Herein, we present the results of an investigator-initiated prospective phase 2 study evaluating concurrent BTK and BCL2 inhibition in patients with WM. We combined ibrutinib and venetoclax to provide chemotherapy-free, all-oral, finite-duration treatment, which is supported by previous preclinical and clinical evidence. The outcome of interest in this study was the attainment of VGPR or better within 24 months of fixed-duration therapy. With a median follow-up time of 24 months and a median of 10 cycles of therapy, 19 (42%) patients attained VGPR. However, the study therapy was stopped early because of a higher-than-expected rate of ventricular arrhythmia.

The VGPR rate reported here was higher than that expected for both ibrutinib monotherapy in the frontline setting and venetoclax monotherapy in the relapsed setting, previously reported by our group at 30% at 50 months of active therapy22 and 19% at 33 months of follow-up.26 However, the proportion of patients with CXCR4 mutations differed between these studies, with a higher proportion of CXCR4 mutations in ibrutinib and venetoclax monotherapy studies, which could partly account for the observed differences. The VGPR rate observed here is comparable to the 10% to 40% reported with rituximab-containing regimens as frontline treatment in previous prospective clinical trials.38, 39, 40 Overall, our findings strongly suggest a likely additive effect of combining BTK and BCL2 inhibitors in WM, similar to that reported for CLL and MCL.

Clinically, the combination of BTK and BCL2 inhibition induced normalization of hemoglobin levels and resolution of hyperviscosity symptoms and extramedullary disease in most patients exposed to these agents. The responses were fast, with a median time to minor and major response of 0.9 and 1.8 months, respectively, comparable to ibrutinib monotherapy.24 Interestingly, the BM disease burden decreased from 60% at baseline to 5% at best response. The BM clearance was better than that reported with ibrutinib monotherapy and similar to that reported with venetoclax monotherapy. Again, the different proportions of patients with CXCR4 mutations may have affected the results. Therefore, concurrent BTK and BCL2 inhibition provides fast responses with effective BM clearance, building on the best features of ibrutinib and venetoclax.
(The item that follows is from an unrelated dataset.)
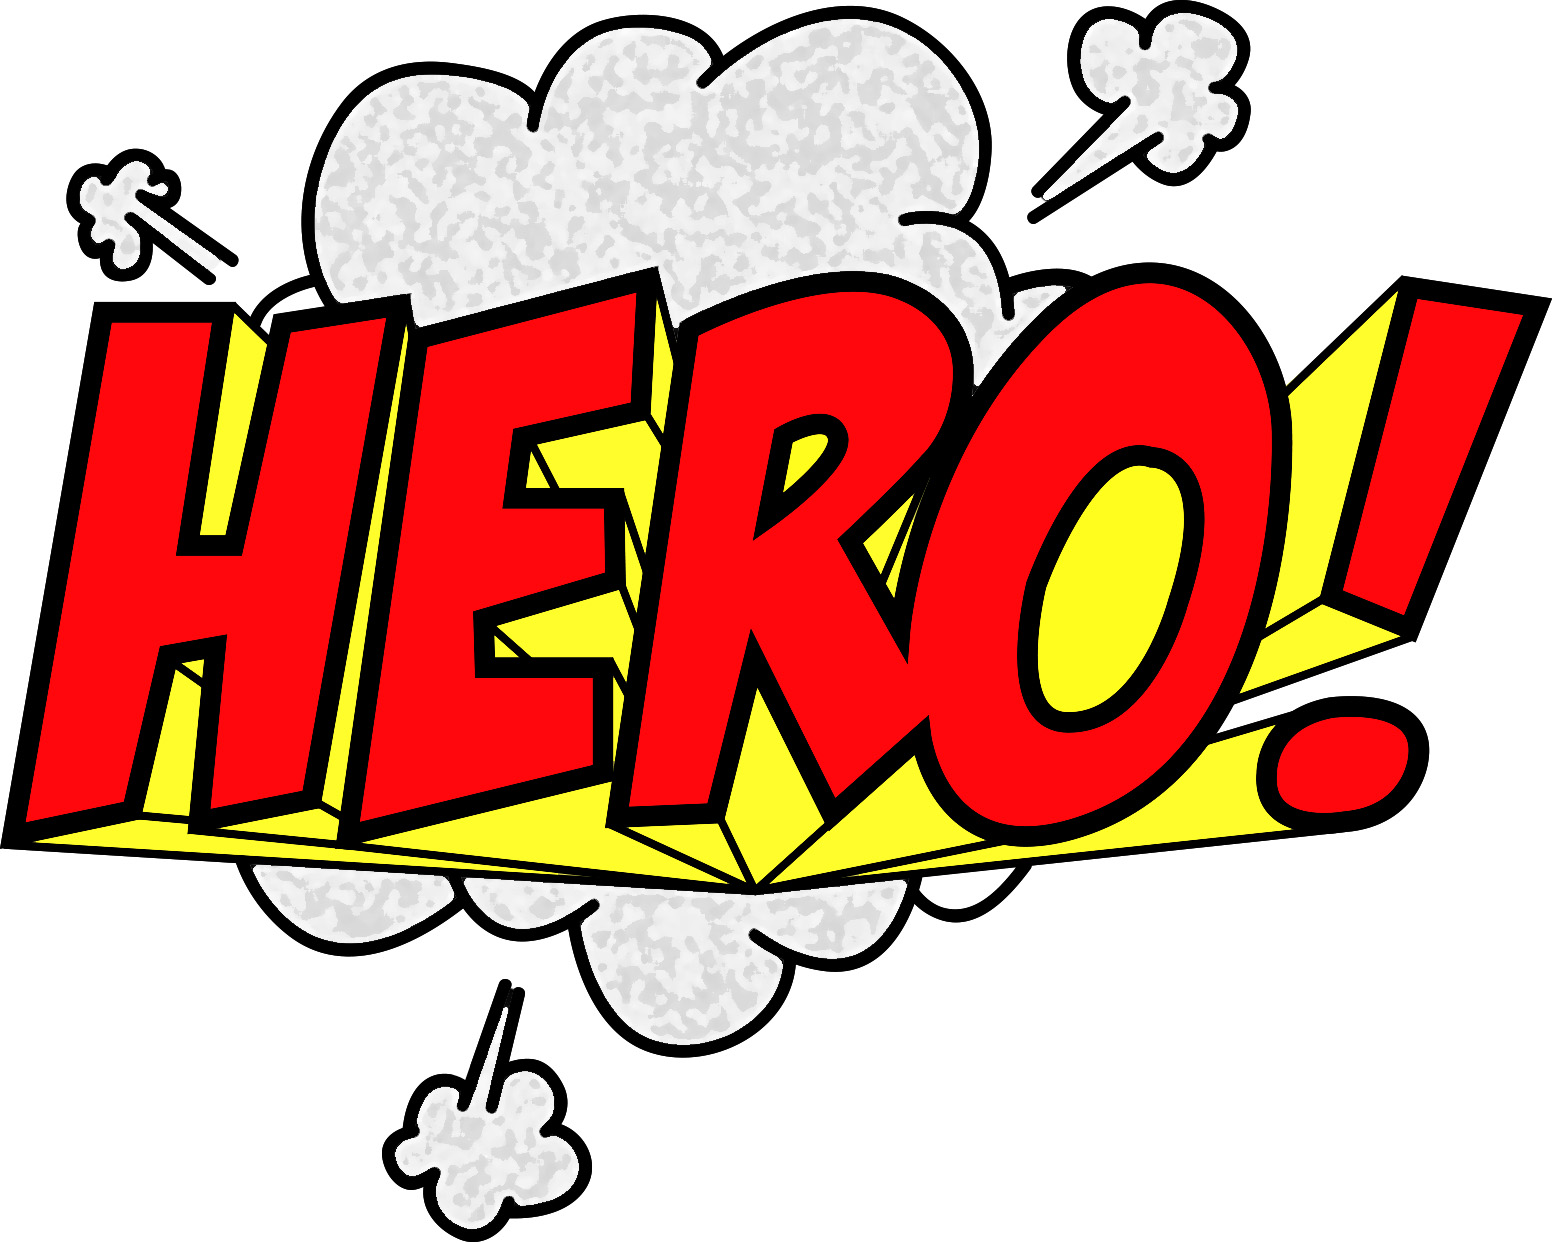 Superhero words clipart 5

The presence of CXCR4 mutations have been associated with a longer response time, lower VGPR rates, and shorter PFS in patients with WM treated with BTK inhibitors.20, 21, 22 CXCR4 mutations also impacted the VGPR rate but not PFS, to venetoclax monotherapy in WM.26 This study showed a trend toward fewer VGPRs in patients with CXCR4 mutations. However, although the follow-up duration was relatively short, CXCR4 mutations did not appear to impact PFS, TTNT, or OS with ibrutinib and venetoclax. In our previous reports, a difference in PFS between patients with and without CXCR4 mutations was evident within 12 months of ibrutinib monotherapy.21,22 Despite the small sample size, our findings suggest that concurrent BTK and BCL2 inhibition may partially overcome the impact of CXCR4 mutations on patient with WM outcomes.
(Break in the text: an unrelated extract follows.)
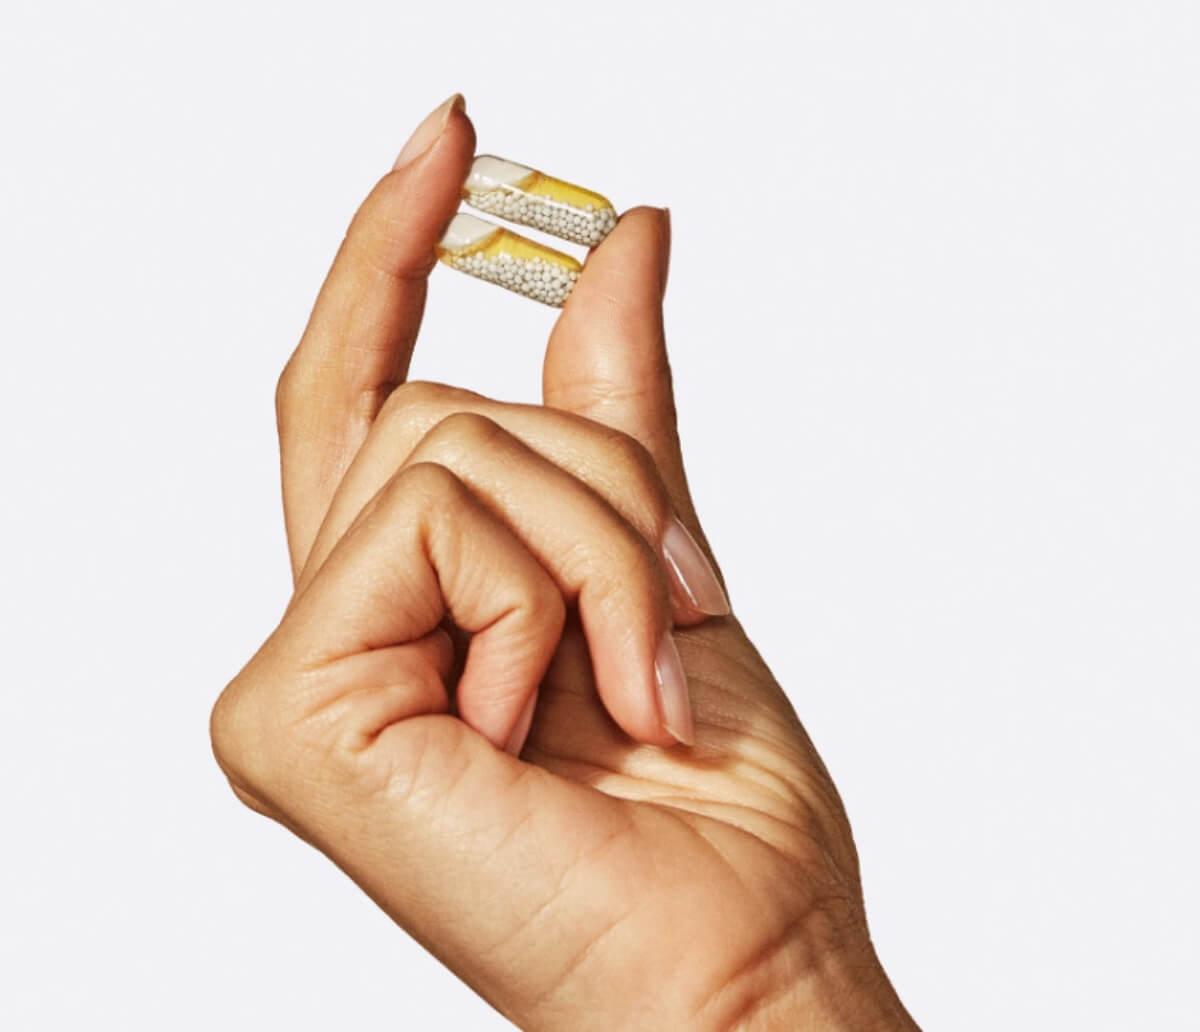 hand holding vitamins

There was a higher-than-expected rate of ventricular arrhythmia at 9%, including 2 deaths, prompting us to stop accrual and study therapy. The rate of ventricular events has not been previously observed in studies evaluating the combination of ibrutinib and venetoclax for CLL or MCL. Four prospective studies evaluated the combination of ibrutinib and venetoclax as a frontline treatment in patients with CLL.30,41, 42, 43 In all studies, the doses of ibrutinib and venetoclax were similar to those used in our study. In addition, 3 studies evaluated this combination in patients with MCL.28,44,45 In these studies, the doses of ibrutinib and venetoclax were higher.

The etiology of the cardiovascular events observed in our study remains to be determined, as postmortem evaluations were not performed per the patient’s family request, and pharmacokinetic samples from participants were not obtained as part of this study. All events occurred within cycles 3 and 7 when patients were on full doses of both agents and at a time when electrolyte derangements due to tumor lysis syndrome were unlikely. Potential hypothetical explanations for our observation include an unknown underlying cardiac involvement by amyloid or paraprotein deposition; a higher risk of cardiac events in the participants given the personal history of coronary artery disease or risk factors such as hypertension, hypercholesterolemia, atrial fibrillation, diabetes, or obesity; a potential pharmacological interaction between ibrutinib and venetoclax exacerbated by the underlying paraproteinemia of WM; or a random occurrence independent of the intervention or the participants. There was no clinical suspicion of systemic light-chain amyloidosis in these patients, although formal evaluations for amyloidosis were not performed at the baseline.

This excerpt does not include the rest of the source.